— WHAT THE EXERCISE ASKS —
The expected output is the line with "Microsoft donates $1" plus all lines after it to the end of the material below, reproduced exactly, with pictures omitted and nothing else included.
[DATASET CONTENT]
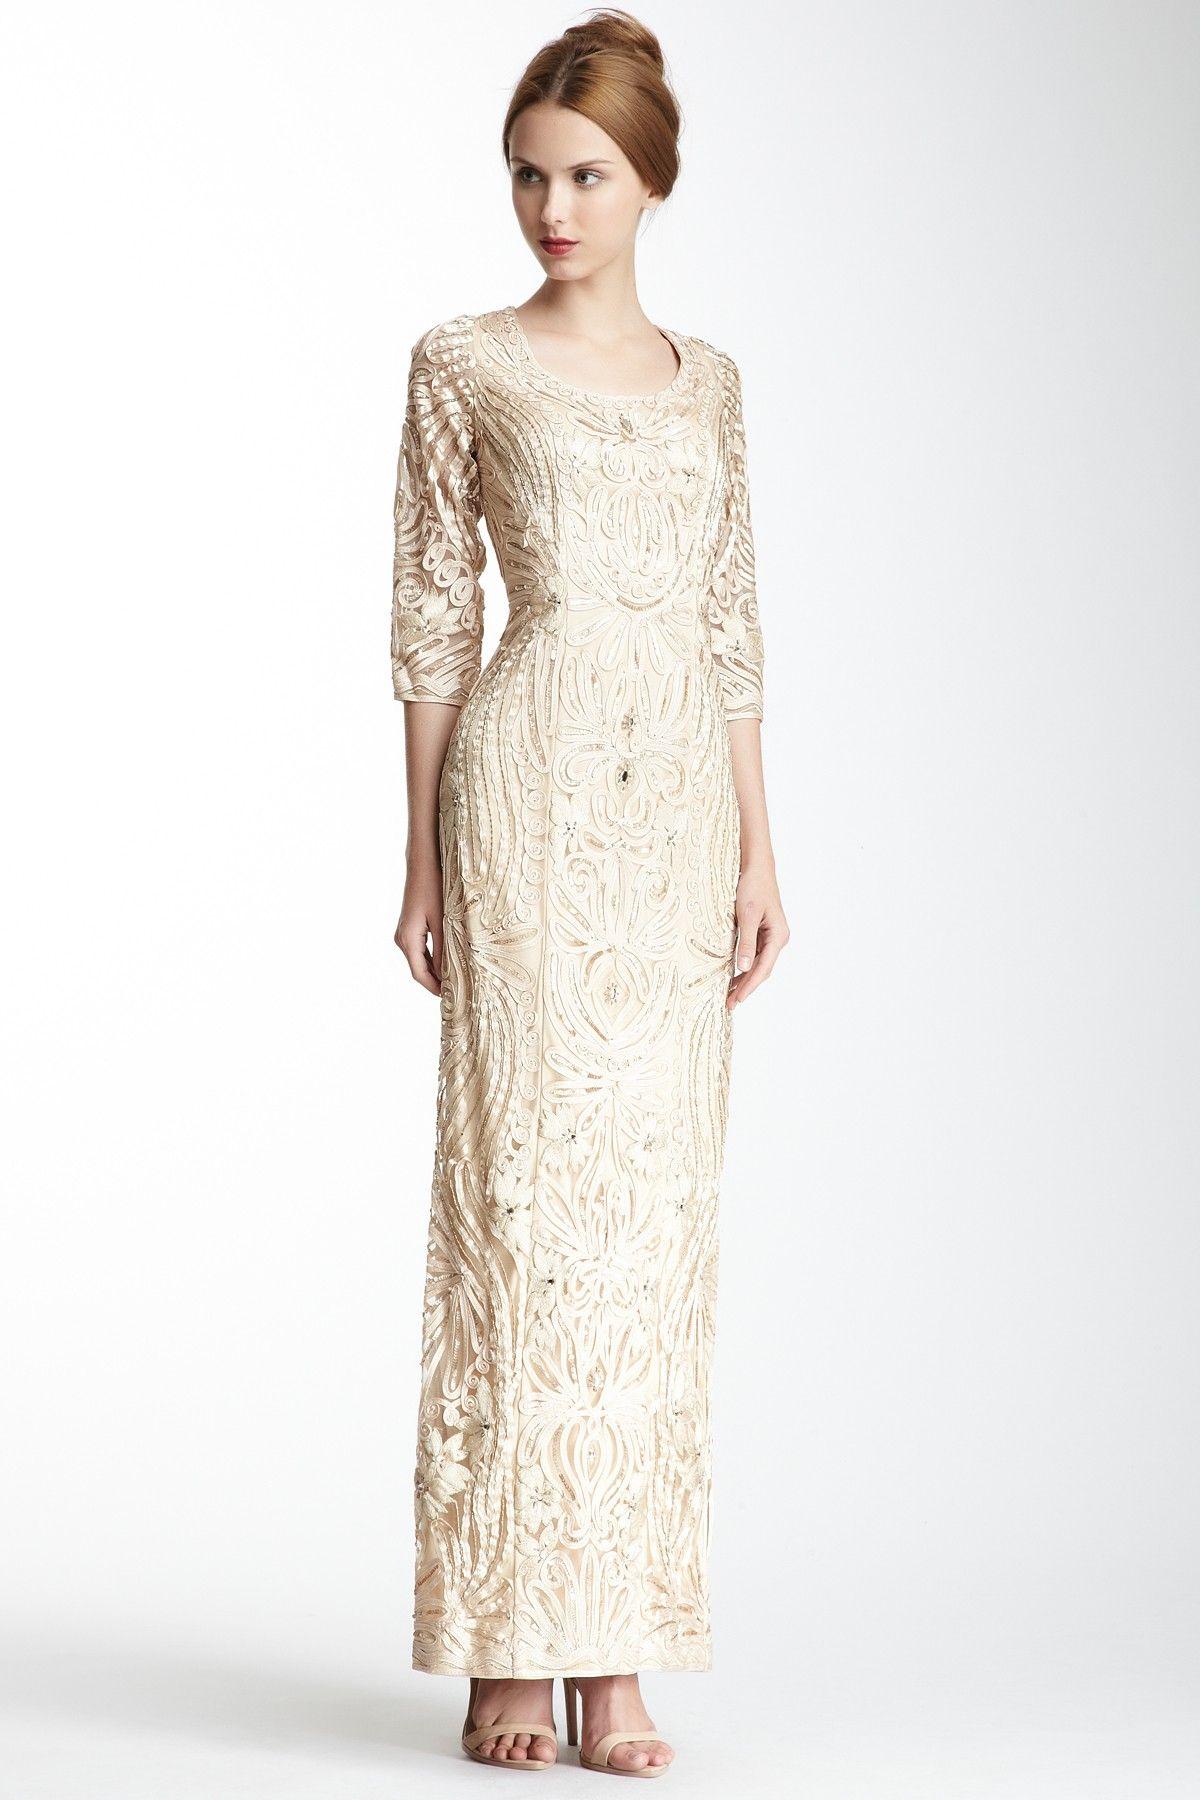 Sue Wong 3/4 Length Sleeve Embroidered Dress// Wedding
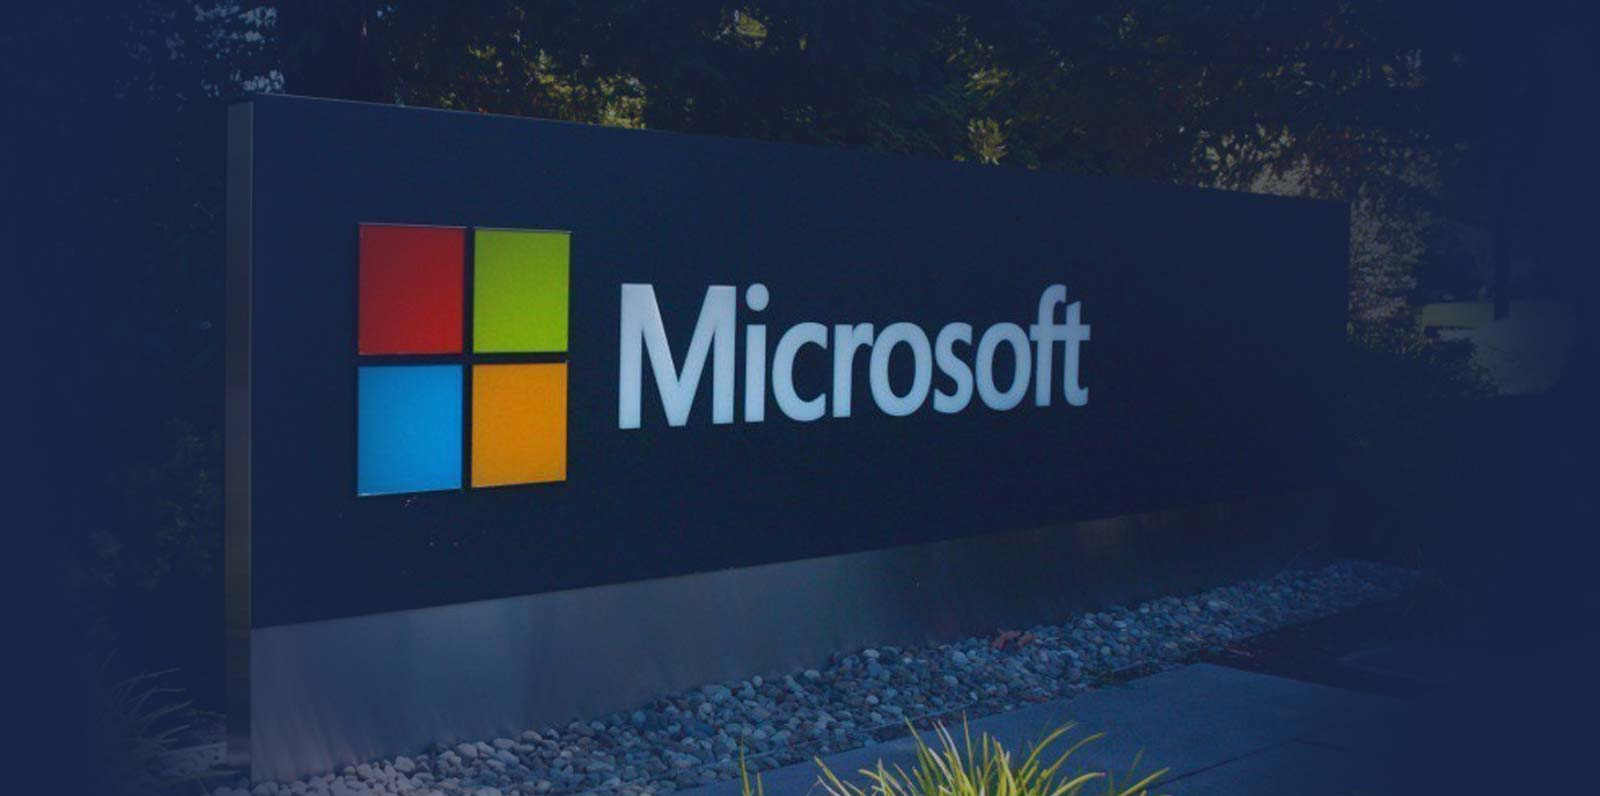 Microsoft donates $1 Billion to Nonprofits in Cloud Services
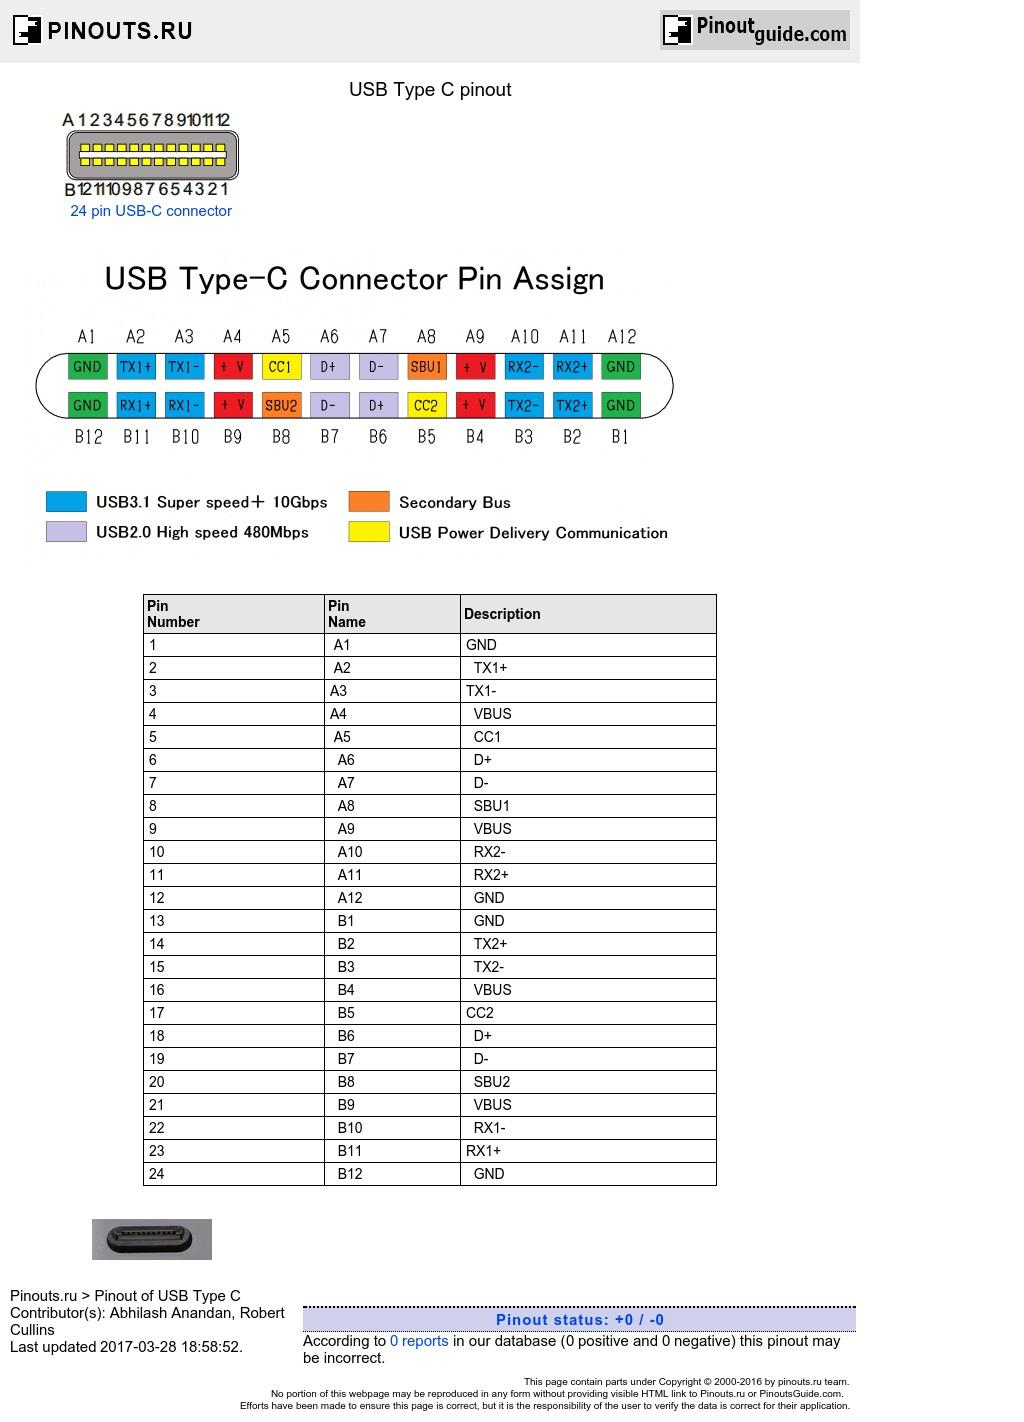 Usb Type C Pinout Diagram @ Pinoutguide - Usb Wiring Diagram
[/DATASET CONTENT]
— SOLUTION TO THE EXERCISE —
 Microsoft donates $1 Billion to Nonprofits in Cloud Services
 Usb Type C Pinout Diagram @ Pinoutguide - Usb Wiring Diagram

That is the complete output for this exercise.